PPF, GPF, VPF, and EPF! Know the difference between 4 types of Provident funds

by Banking Desk

Every person needs financial and social security after retirement. It is the duty of the government to ensure the security and freedom of the citizen, which he gets after retirement after serving the country. All the governments provide benefits to the citizens in the form of a Provident Fund or PF. PF is a mandatory fund that is managed by the government of a country to prepare people for their retirement. There are 4 types of Provident Funds in India. Let’s understand the difference between these funds.


Any organization having more than 20 salaried members is compulsorily required to make payment to the Employees’ Provident Fund. 12% of the salary of employees or workers is sent to the account managed by EPFO.  The employees also get interest on this amount. The account matures on the retirement of the employee. However, an employee can withdraw money from this account even before retirement on a few conditions. This amount is tax-free even after maturity.


Also read: What Is A Contra Fund? Should You Invest In It?

Voluntary Provident Fund is the exceeding part of EPF contribution. If an employee wants to contribute more than the required 12 percent of his salary to EPF, then he will have to take the help of VPF. The interest rate on this is the same as that of EPF.  Recently, EPFO ​​has reduced the interest rate on EPF from 8.5 percent to 8.1 percent. So VPF will also have the same interest rate.


General Provident Fund is a type of PPF available only to government employees. A government employee deposits a fixed part of his salary in it as a contribution. The money deposited in this fund is also available at the time of retirement. Interest will also be available on the deposited money. The interest rate on GPF is being offered by the government at 7.1 percent. Keep in mind that private-sector employees are not eligible for GPF.

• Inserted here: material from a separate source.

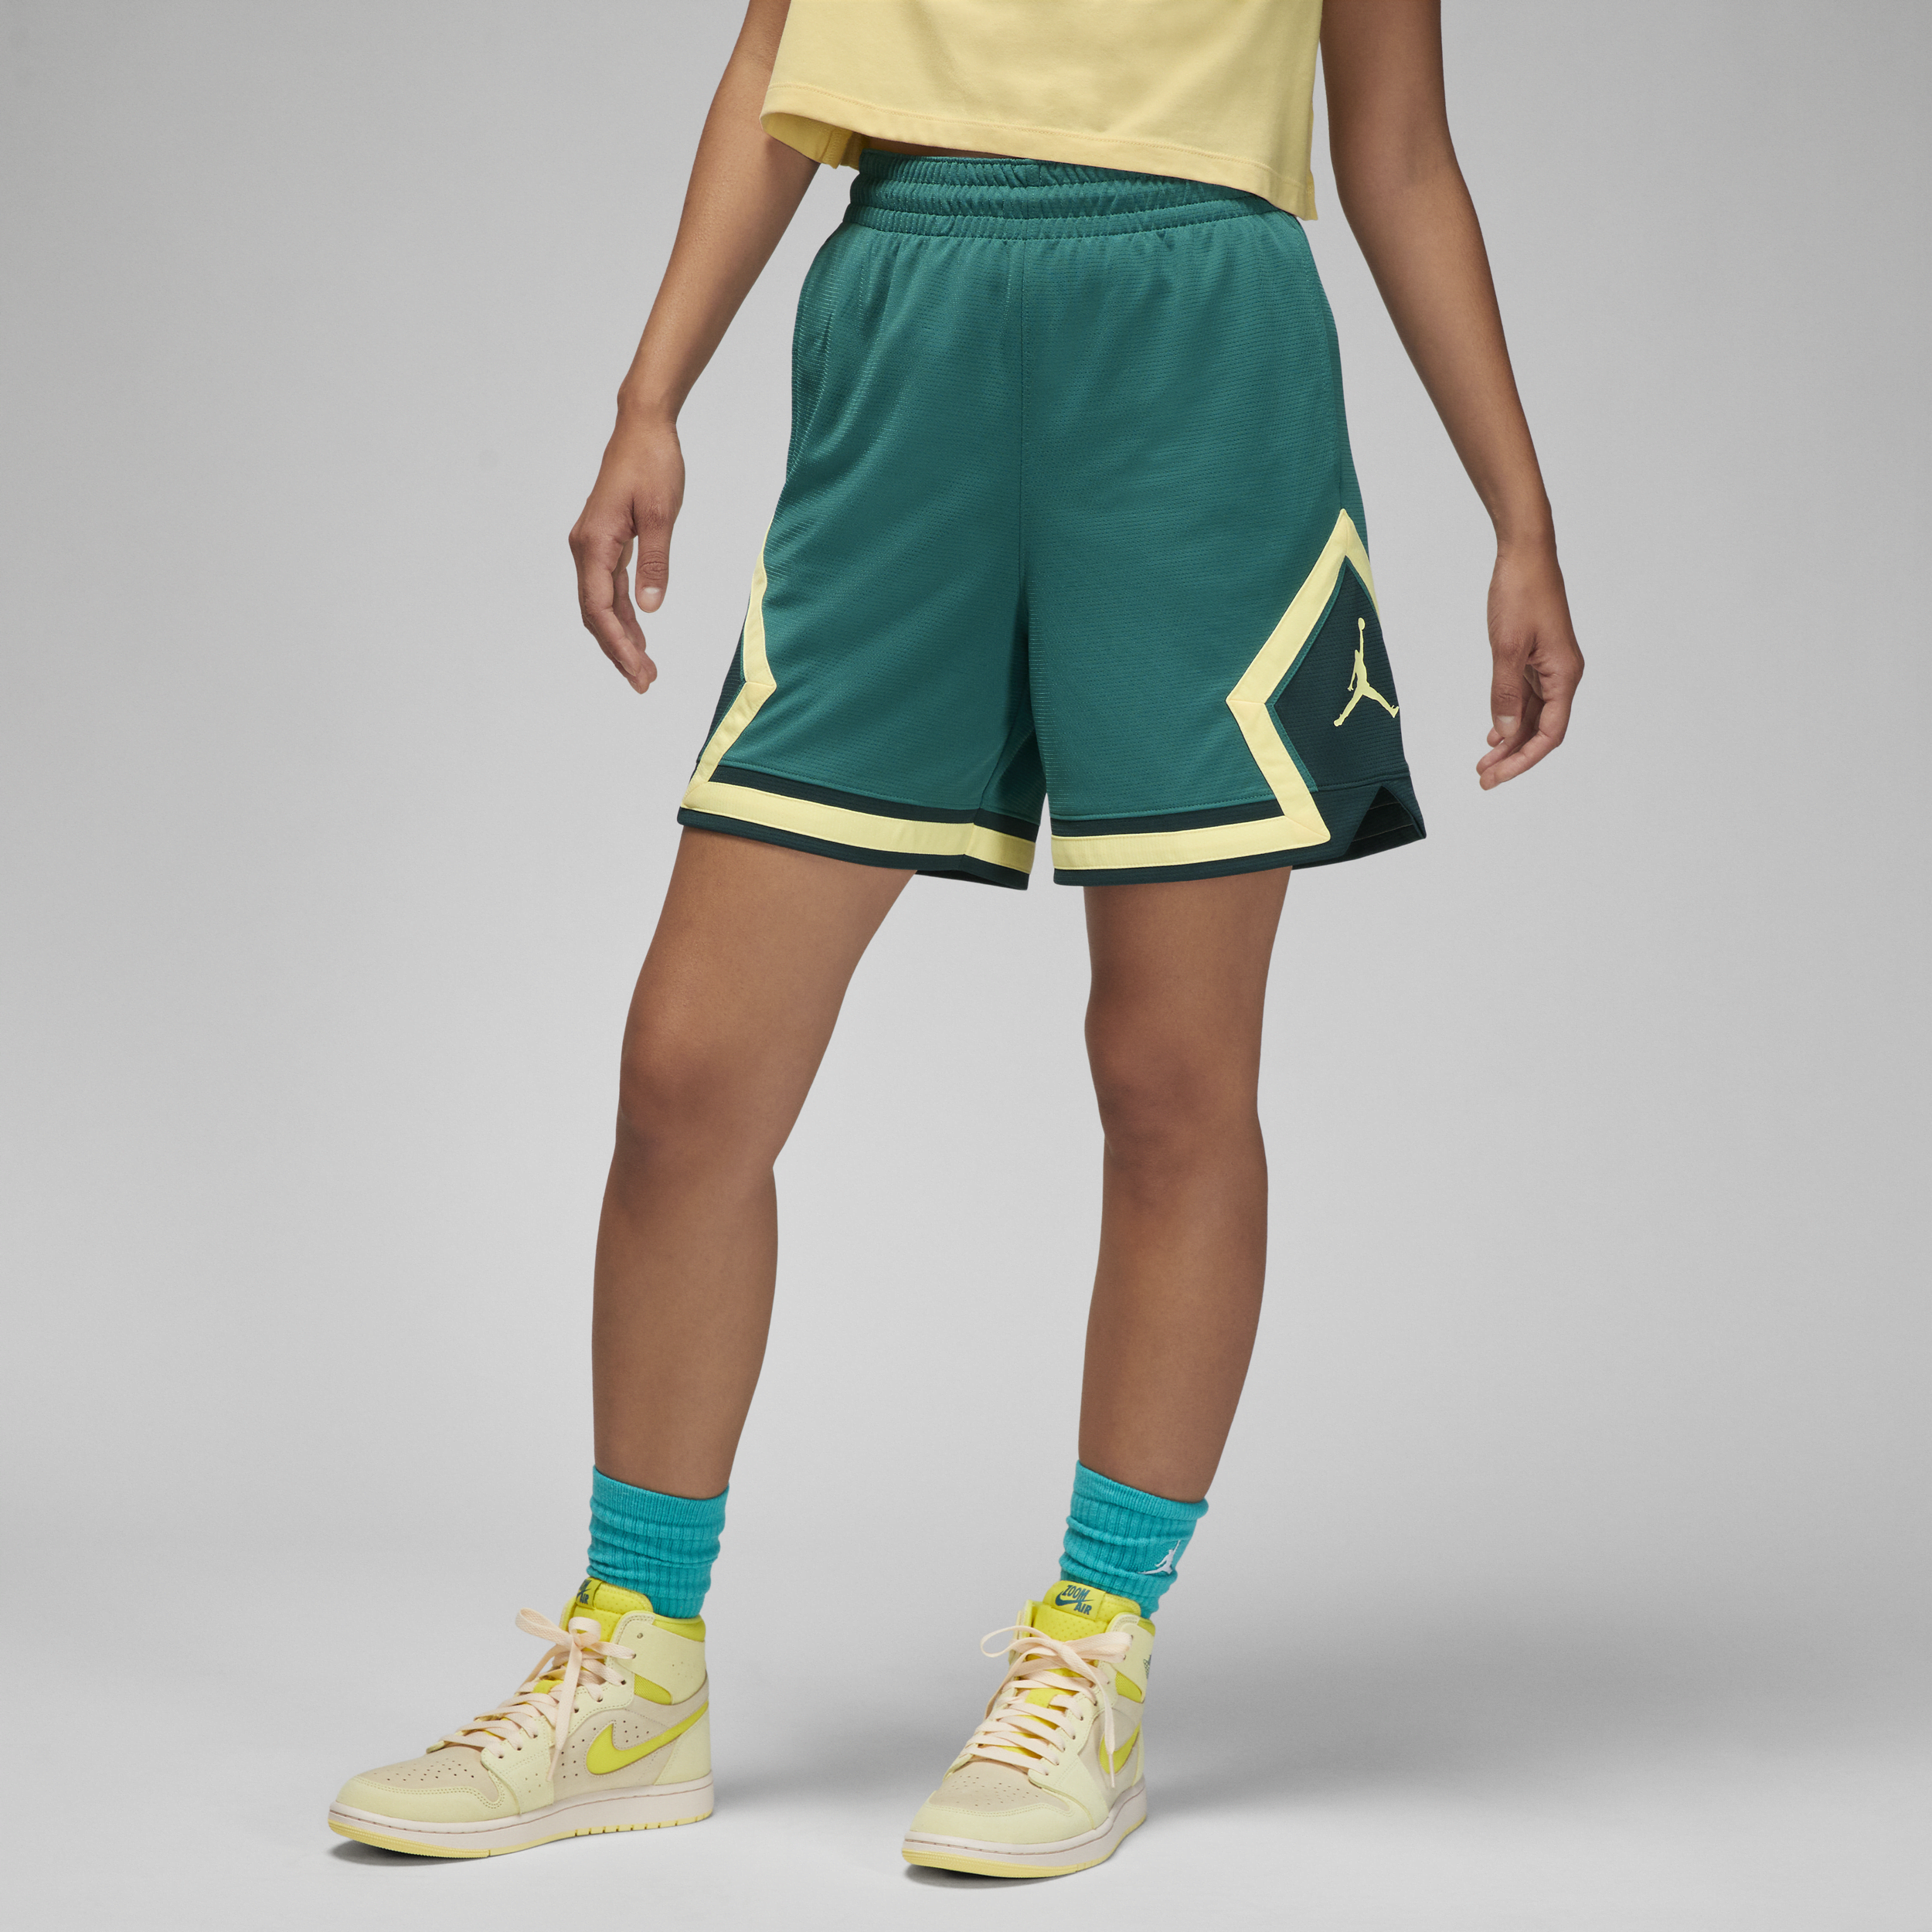 Jordan Sport Diamond-shorts til kvinder - grøn

 Public Provident Fund was started in India in 1968 with the objective of mobilizing small savings as an investment. On this, the tax benefit is available up to Rs 1.5 lakh annually. Anyone can open a PPF account for long-term returns. At present, a 7.1 percent interest rate is being offered on this.

 Which one you should choose?

 Provident funds have been proven a very strong social security instruments. Besides, they promise better long-term returns. If you are a private employee then you can take advantage of EPF as well as VPF.  GPF is better for government employees, but it has a lower interest rate than EPF and VPF.  On the other hand, if you are self employed and want to invest, then you only have the option of PPF.